One thing is for certain: Richardson is ready for the season to get started, especially after the NBA schedule release.

“I’m just excited," Richardson said. "I saw we open with Boston and I know there’s a little rivalry history there, so it’s going to be fun to be a part of that.”

And as for his former team?

“I always have Miami circled to go back there and compete against my brothers down there," Richardson said, "but I’m just ready, excited to compete every game.”

Richardson has kept in touch with Ben Simmons, Tobias Harris, Al Horford and Mike Scott throughout the offseason.

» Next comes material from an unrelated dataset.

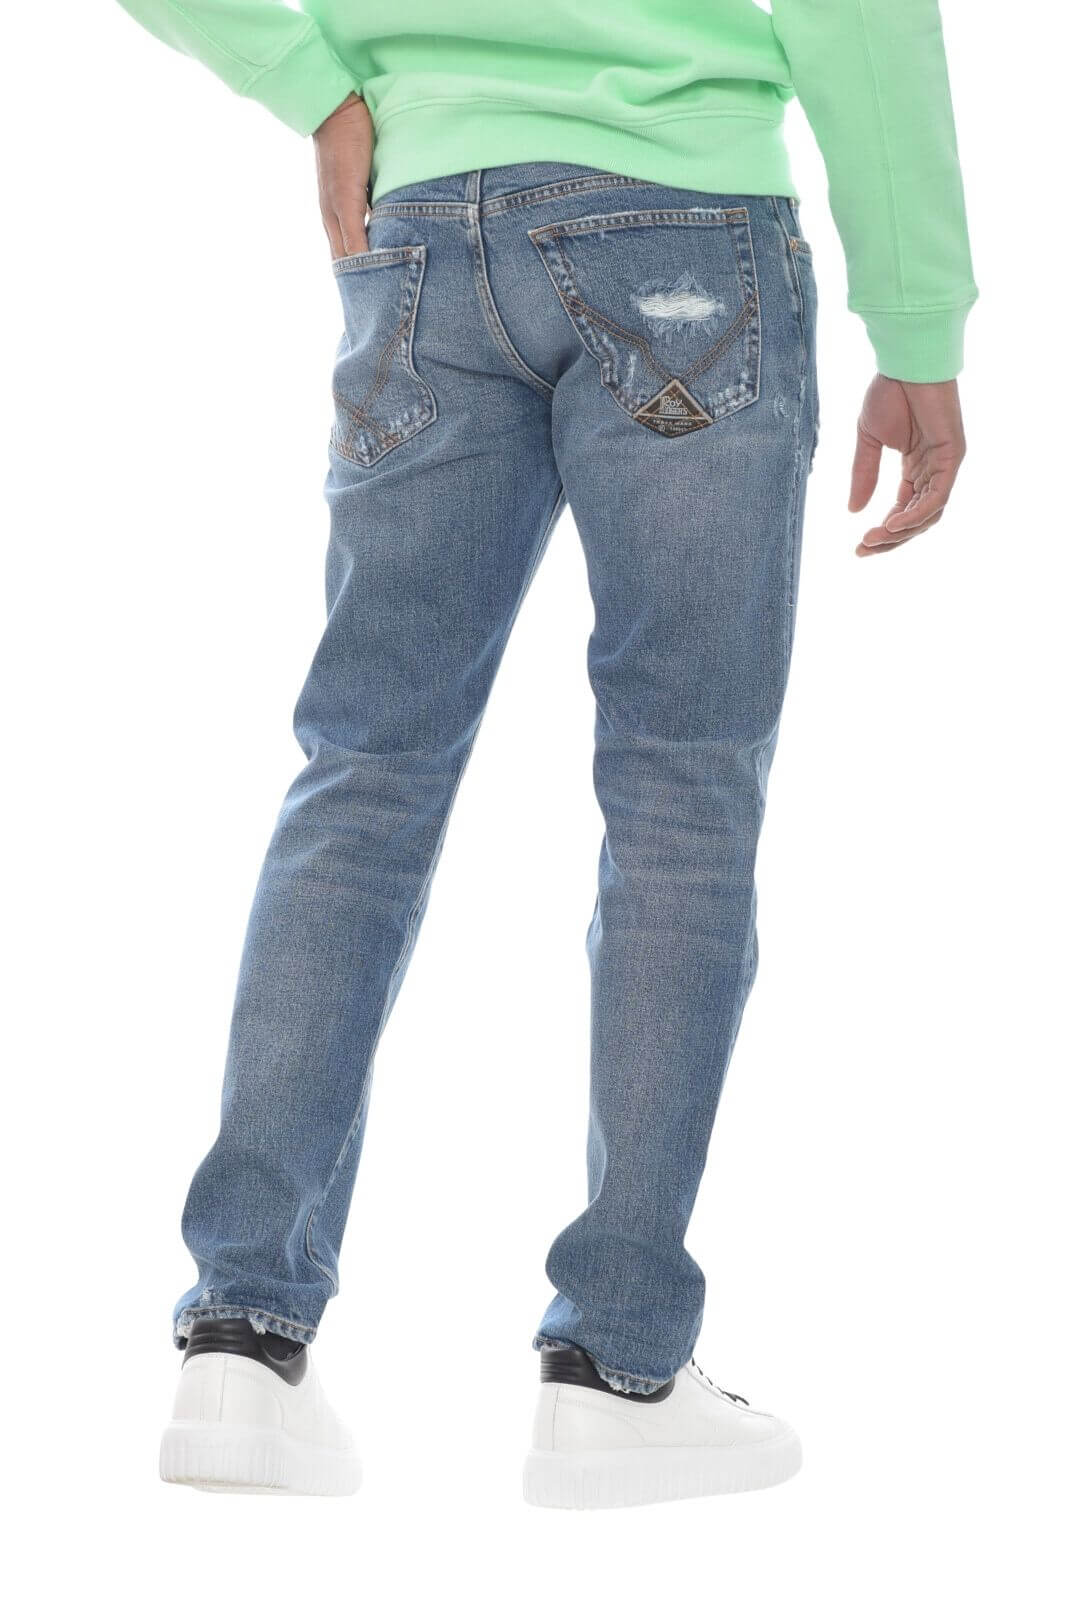 Roy Roger’s Jeans Uomo Cult MAN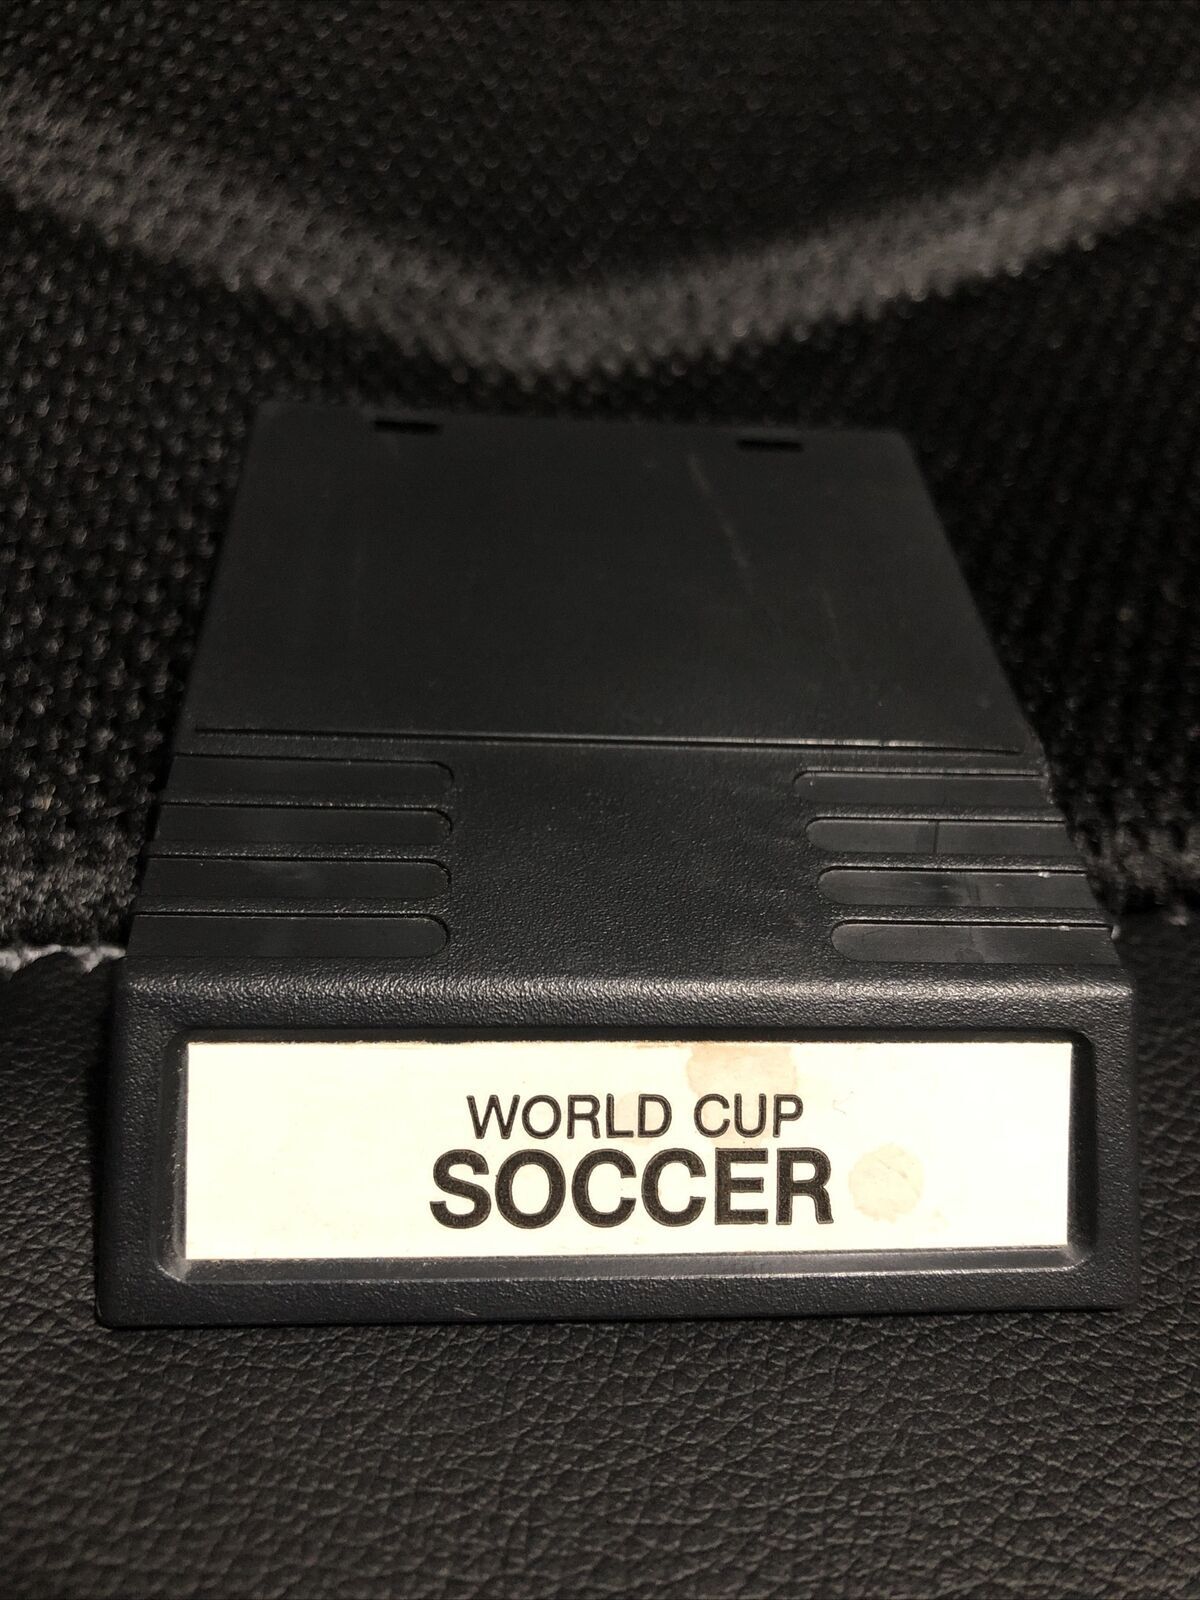 World Cup Soccer       - Intellivision  - Cart

He met Shake Milton for the first time, working out at the Sixers' training facility on Saturday morning.

The former Tennessee Volunteer has been getting his own work in this summer.

“Health, I think health is a big part, just being able to be out there for as many games as I can is going to be huge, and being able to make shots,” Richardson said of his offseason goals. “I think being a shot maker is going to be big for us.”

Looking back at the trade, despite there being a shock factor in the moments following, he couldn’t be more eager for this new opportunity. Richardson said his excitement occurred "almost instantly."

“After I started looking at the pictures of our lineup, it turned into straight excitement, like as soon as it happened,” Richardson said. “As long as we all gel, as long as we all have the same goal in mind, I think we’ll have a strong season.”